> Task item: Beginning with the line of the entries below that holds "STARTERKIT White комплект" and ending with the line that holds "Mască Lips - 29", transcribe each line exactly as written. Pictures stay out.

> Data for review:
--*--

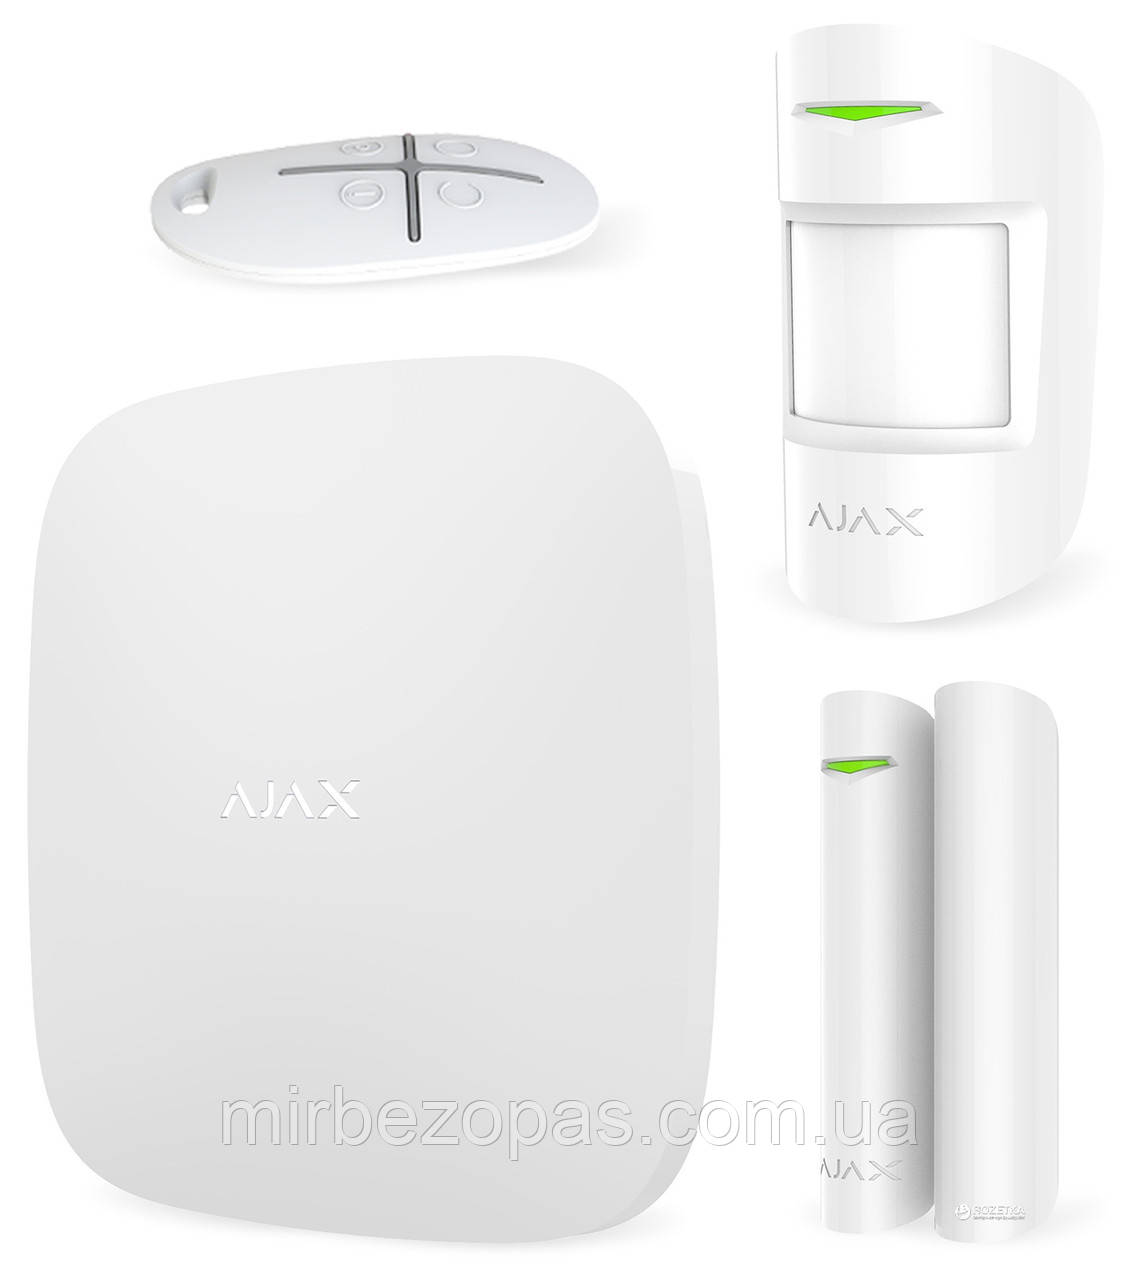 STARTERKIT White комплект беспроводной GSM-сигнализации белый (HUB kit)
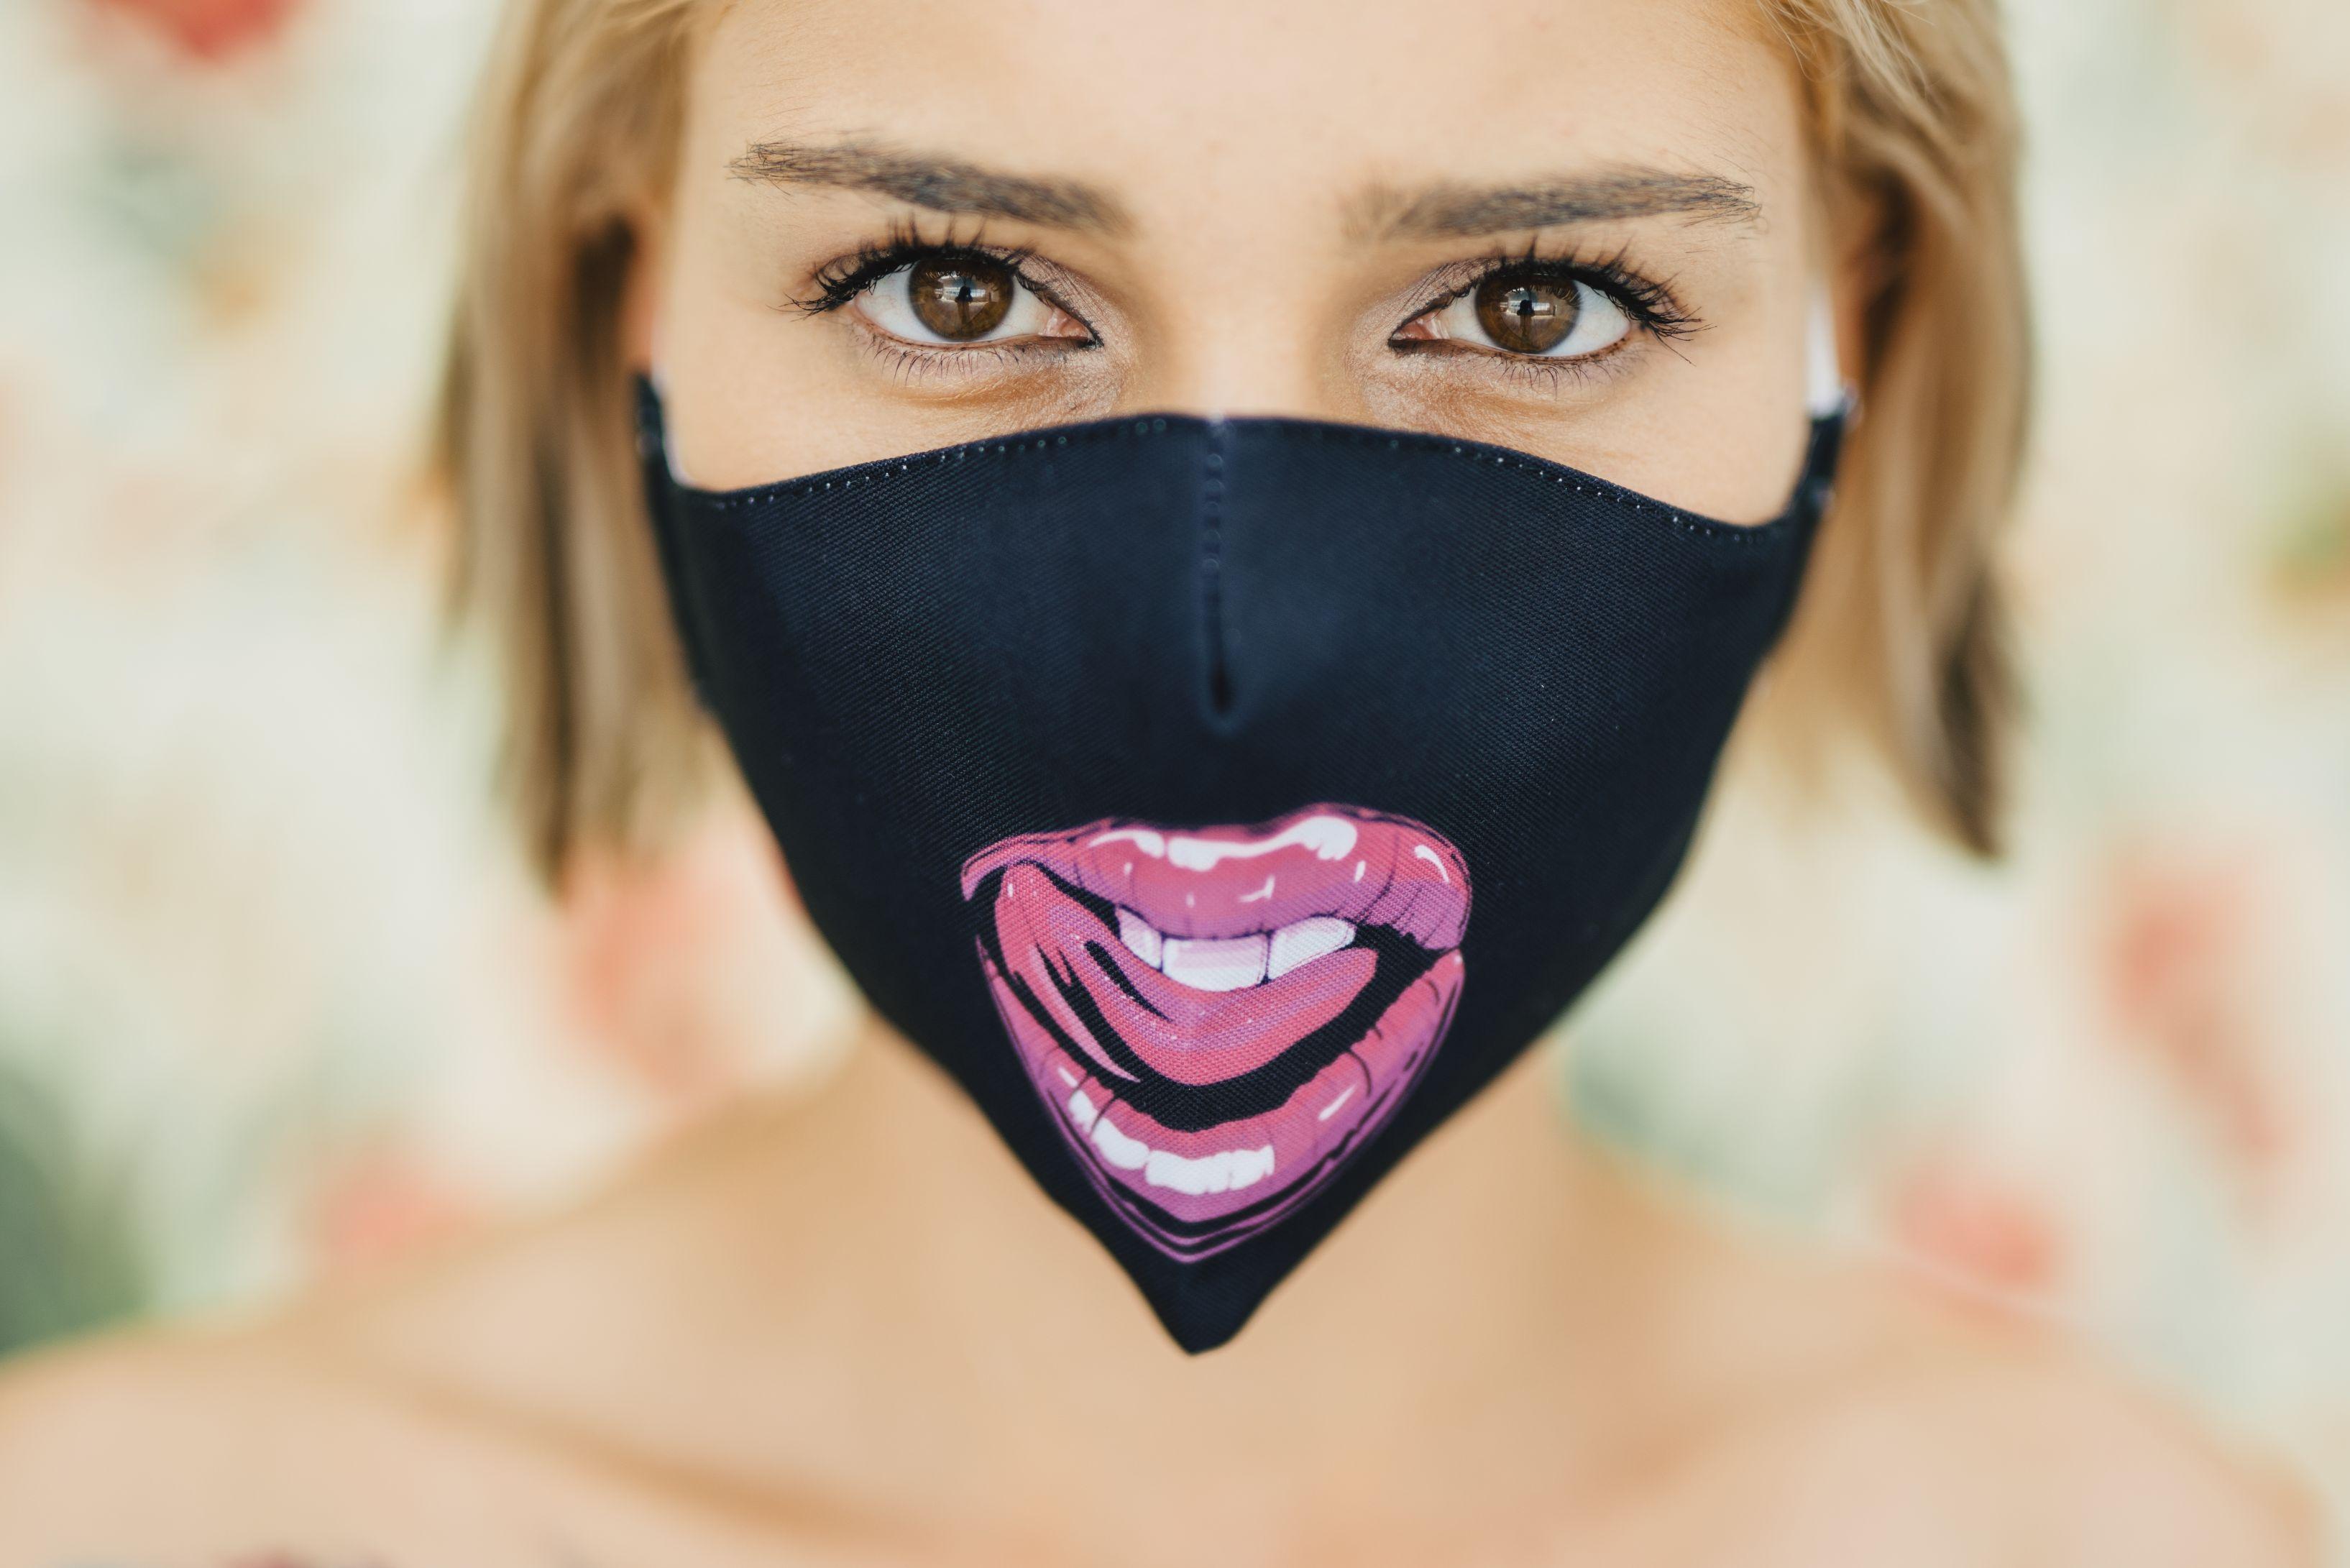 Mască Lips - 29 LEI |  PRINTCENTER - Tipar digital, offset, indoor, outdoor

--*--

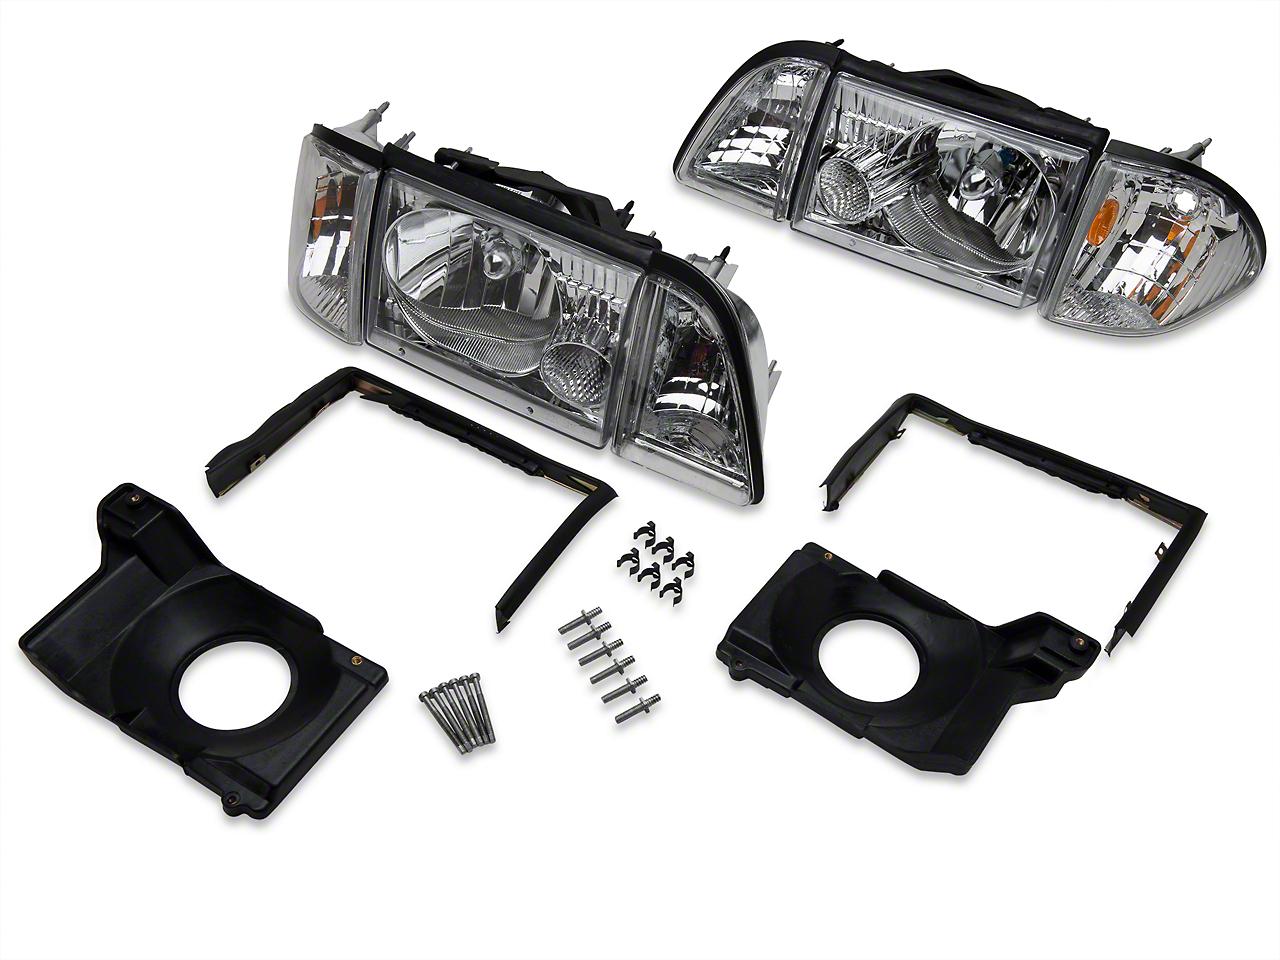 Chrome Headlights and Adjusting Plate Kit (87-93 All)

--*--

> Completed exercise:
 STARTERKIT White комплект беспроводной GSM-сигнализации белый (HUB kit)
 Mască Lips - 29 LEI |  PRINTCENTER - Tipar digital, offset, indoor, outdoor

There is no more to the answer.